“¿Sabes que mi mamá me va a dejar morder la medalla?”, dice la pequeña Naira, cinco años, rubia, con una camiseta roja que pone: “Vamos mamá”. No para de correr de un sitio a otro, cerca de la zona del podio de Szeged, Hungría. Su mamá es Teresa Portela, 37 años. Acaba de conseguir el bronce en la final del K1-200, su 15 medalla mundial; un caso único de longevidad en una prueba tan explosiva como el 200. Acaba, además, de conseguir la clasificación para Tokio2020. Se convierte en la primera española en participar en seis Juegos. Eso significa estar más de 20 años en la elite. “Yo es que no sé, no sé lo que he hecho, no me lo creo. No me lo creo. No, soy consciente. No soy ejemplo de nada. Sólo sé una cosa: que siento que no he llegado a mi fin, que he trabajado duro”, dice Teri –así es como la llaman todos- al salir del agua. No para de temblar, ni de llorar. “Estoy aún con mucha tensión, lo siento”, se disculpa, está como en estado de shock.

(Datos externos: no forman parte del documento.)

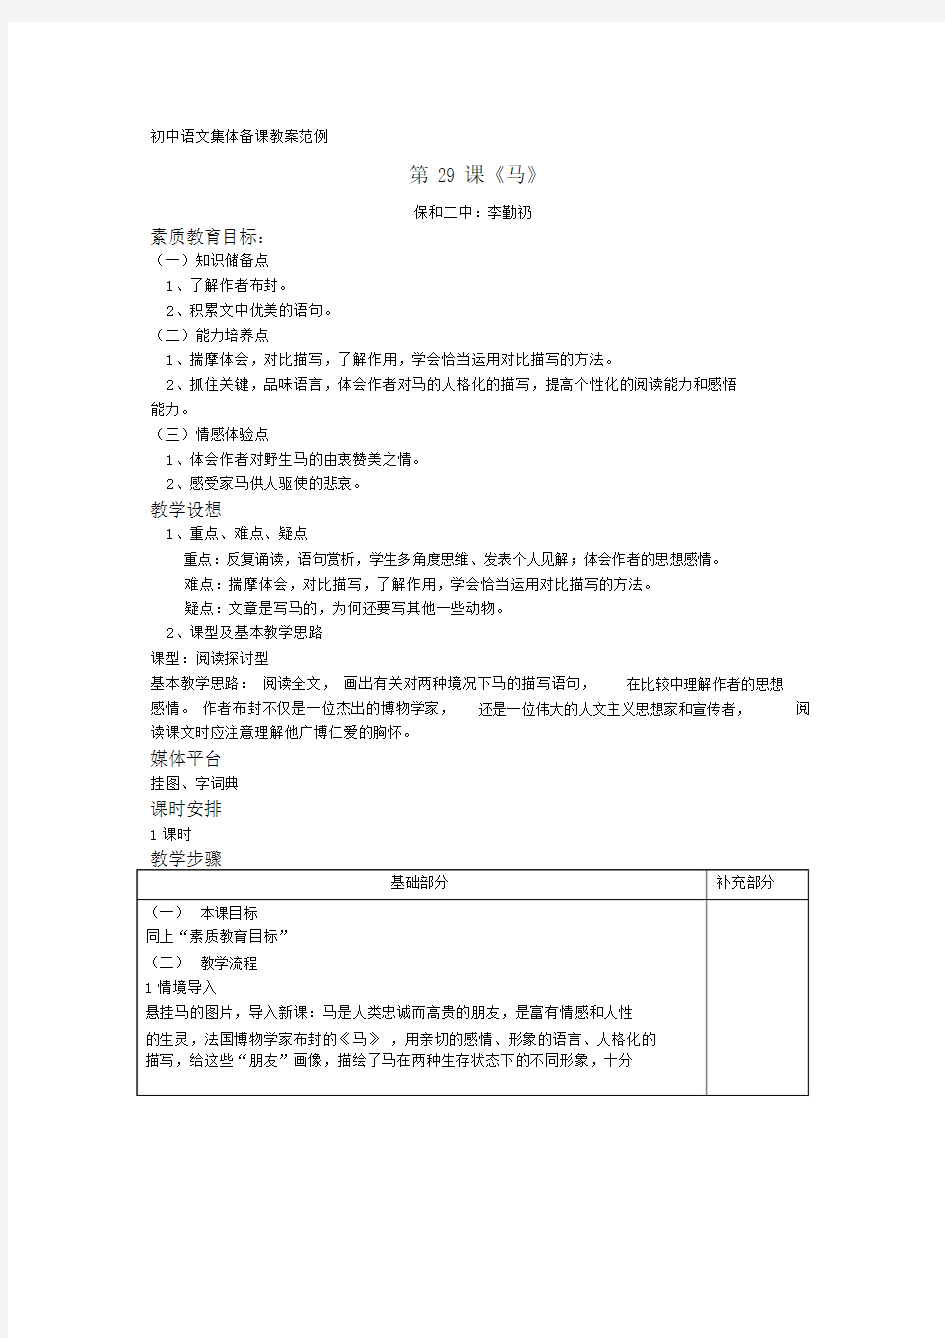 (完整版)初中语文集体备课教案范例.docx

“¿Podéis llamar a Daniel [Brage, su entrenador]? Llamadle, por favor, porque no sabrá ni donde tengo el chándal para ir a la ceremonia. Llamadle, por favor,”, repite con las pulsaciones a mil. En ese momento, menos de cinco minutos después de que terminara la carrera, es su única preocupación. En esas aparece David [Mascató, su marido y expalista] y sale disparada del túnel que lleva al podio. “Daviiiiiiid, Daviiiiid… siiiiiiiii”, le grita saltándole en brazos con un calor que abrasa el asfalto. Y el abrazo con él y su hija dura un minuto. Emotivo, sentido. Nadie se acerca en ese momento. David se queda con la pala de Teri mientras ella vuelve a zona mixta. Y sigue temblando y llorando a la espera de subir al podio.

“Salí enfurecida, era la única manera”, detalla. La carrera la ha ganado la neozelandesa Lisa Carrington; segunda fue la polaca Marta Walczykiewicz. Para ver quién había entrado tercera hizo falta revisar el fotofinish. Fueron momentos de nervios en la zona donde los entrenadores y el resto de piragüistas siguen las carreras, un césped con tumbonas al lado de la línea de meta. “Teri, Teri, has sido tercera, junto a la danesa, Teriiiiii”, le gritaba uno de los técnicos de la Federación mientras ella daba vueltas en el agua junto al resto de piragüistas.

«No soy un ejemplo»

“No soy un ejemplo, sólo he trabajado muy duro y sólo yo sé cuánto. En mi carrera deportiva he tenido muchísima suerte de estar rodeada de gente que me ha apoyado mucho, que me quiere, y que siempre ha estado ahí para que yo pudiera dar lo mejor de mí. Son muchos años de mucho trabajo, de mucho sacrificio, de sentir que no había tocado mi fin. He tenido años malos en los que he sentido que el puesto no me ha acompañado para lo que yo había entrenado, pero ante las adversidades se trata de aprender lo bueno y de desechar lo que no ayuda a sumar”, cuenta Portela que nació en Pontevedra, igual que David Cal. Fueron juntos al parvulario.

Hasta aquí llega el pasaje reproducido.